Neste momento, as datas fixadas pela Lei Eleitoral continuam válidas, reafirmadas na última sessão do Tribunal Superior Eleitoral (TSE), ocorrida em 19 de março, que deliberou unanimemente pela manutenção do calendário pré-estabelecido, ratificando o prazo para filiações partidárias que terminam no dia 4 de abril, o que serve de norte para temas correlatos. Paralelo a isso, o TSE instituiu gabinete de crise com o objetivo de monitorar a evolução diária do quadro de pandemia e reavaliar permanentemente as providências.
O acadêmico Rodolfo Viana Pereira, professor, doutor em Ciências Jurídico-Políticas, advogado sócio da MADGAV Advogados e pertencente ao Grupo de Sistematização do GT proposto pela Abradep, considera prudente aguardar e lembra que, a depender de como a conjuntura se apresente, é possível alinhavar alternativas criativas para manter o calendário previsto e, ao mesmo tempo, não expor candidatos e eleitores a riscos.
“Os primeiros atos que pressupõem aglomeração de pessoas, as convenções partidárias, em princípio, podem ser viabilizadas por meio de ferramentas virtuais, por exemplo. Não há vedação para que isso ocorra”, sugere.
FEFC
Outra pauta presente no debate público atual é a possibilidade de utilização do Fundo Especial de Financiamento de Campanha (FEFC) no auxílio às ações de combate à Covid-19, doença causada pelo novo coronavírus.

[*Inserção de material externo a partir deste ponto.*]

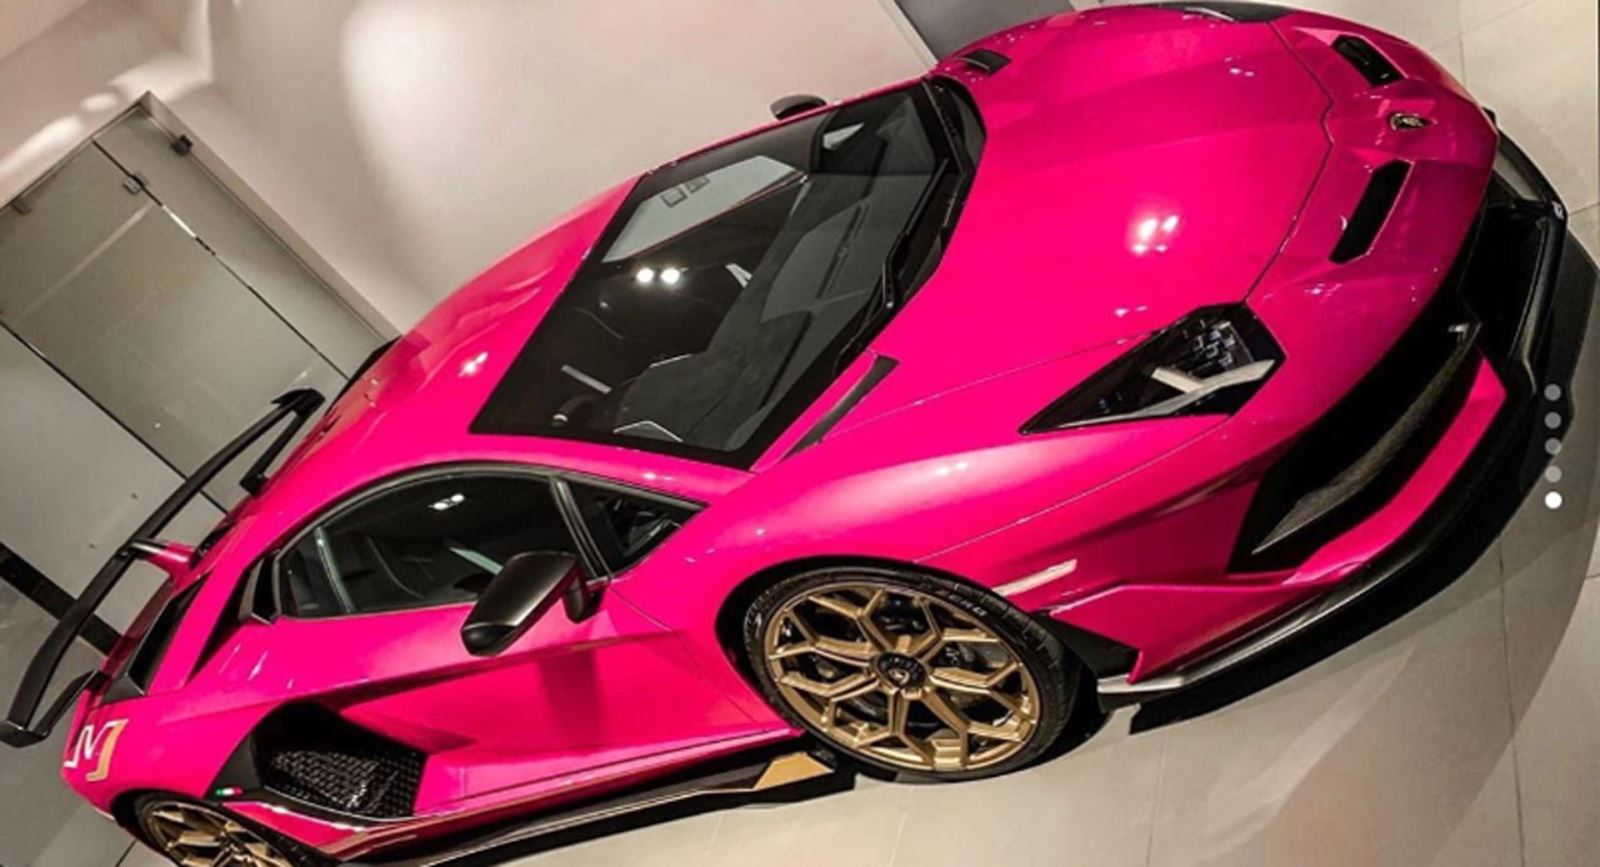 Thú chơi xe - Chiêm ngưỡng Lamborghini Aventador SVJ màu hồng siêu biến hóa

Segundo os especialistas da Abradep, embora pareça ser uma medida, à primeira vista, simpática ao grande público, trata-se, em realidade, de uma proposta simplória para enfrentar um fenômeno complexo de grandes proporções. Além do baixo impacto orçamentário frente à demanda econômica e social, tal sugestão pode inviabilizar o pleno processo democrático nas eleições.
“O Fundo de Financiamento é uma rubrica específica destinada às campanhas para tentar diminuir a influência do poder econômico privado no processo eleitoral brasileiro. Se for desviado para outro fim e a eleição acontecer, mesmo que adiada em alguns meses, isto pode acabar favorecendo apenas os candidatos ricos que não dependem da verba para financiar a estrutura de campanha. É preciso precaução para não ceder a soluções fáceis e demagógicas”, argumenta Pedro Canellas.

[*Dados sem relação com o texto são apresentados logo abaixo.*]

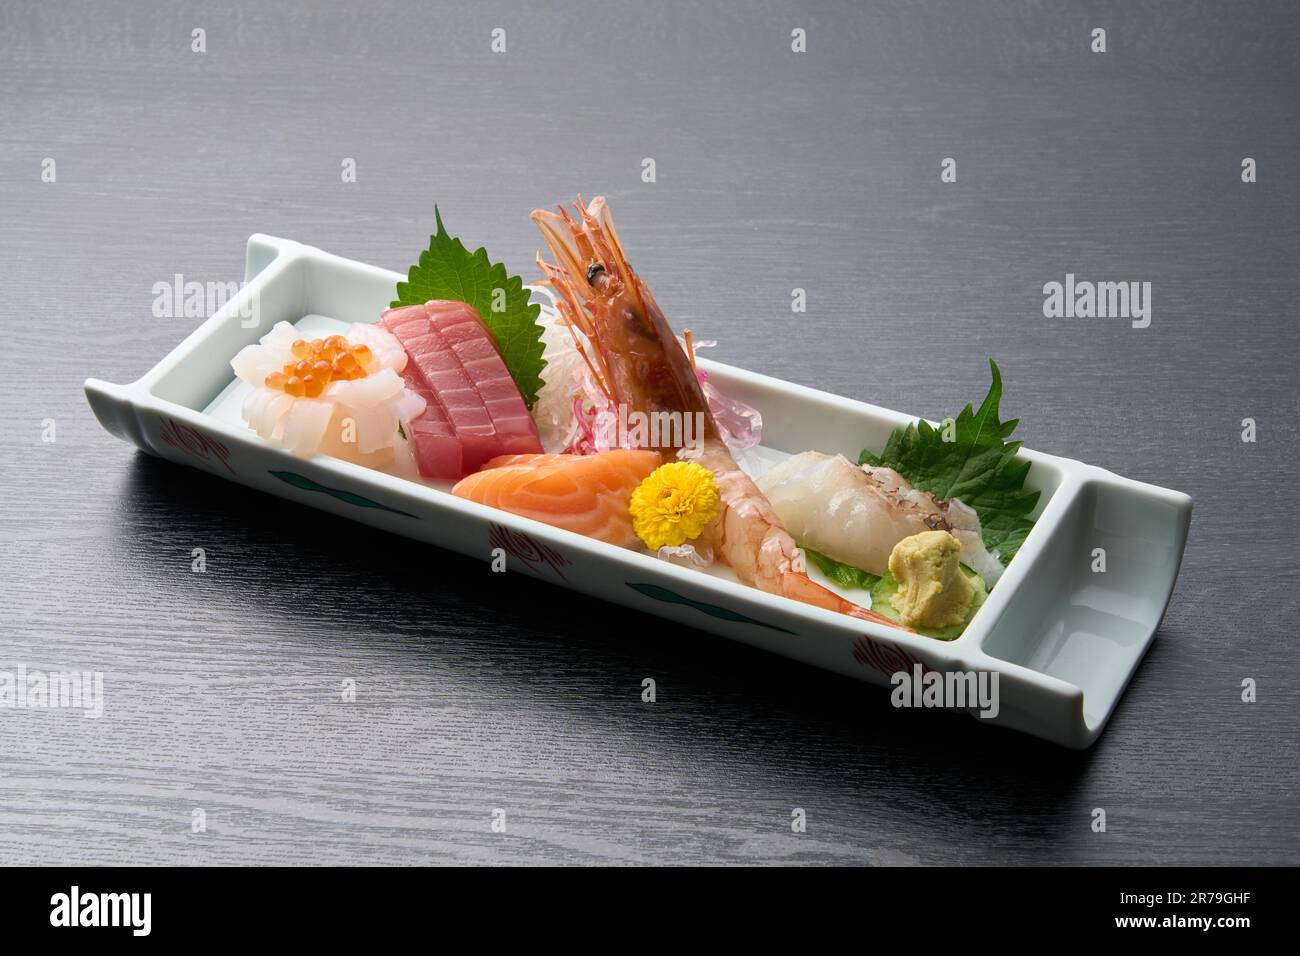 Cuisine japonaise, plateau de sashimi de poisson frais Banque D'Images

O Grupo de Trabalho da Abradep terá duração de 30 dias, podendo ser prorrogado enquanto perdurar a pandemia. Contará ainda com subgrupos temáticos específicos para acompanhar a atuação da justiça eleitoral nas suas relações com eleitores, partidos políticos e demais agentes; apresentar alternativas de ferramentas tecnológicas de votação diante da pandemia; avaliar os novos caminhos do Estado Democrático de Direito perante a crise; além de recomendar sugestões de enfrentamento para mitigar o impacto deste fenômeno no calendário das eleições municipais.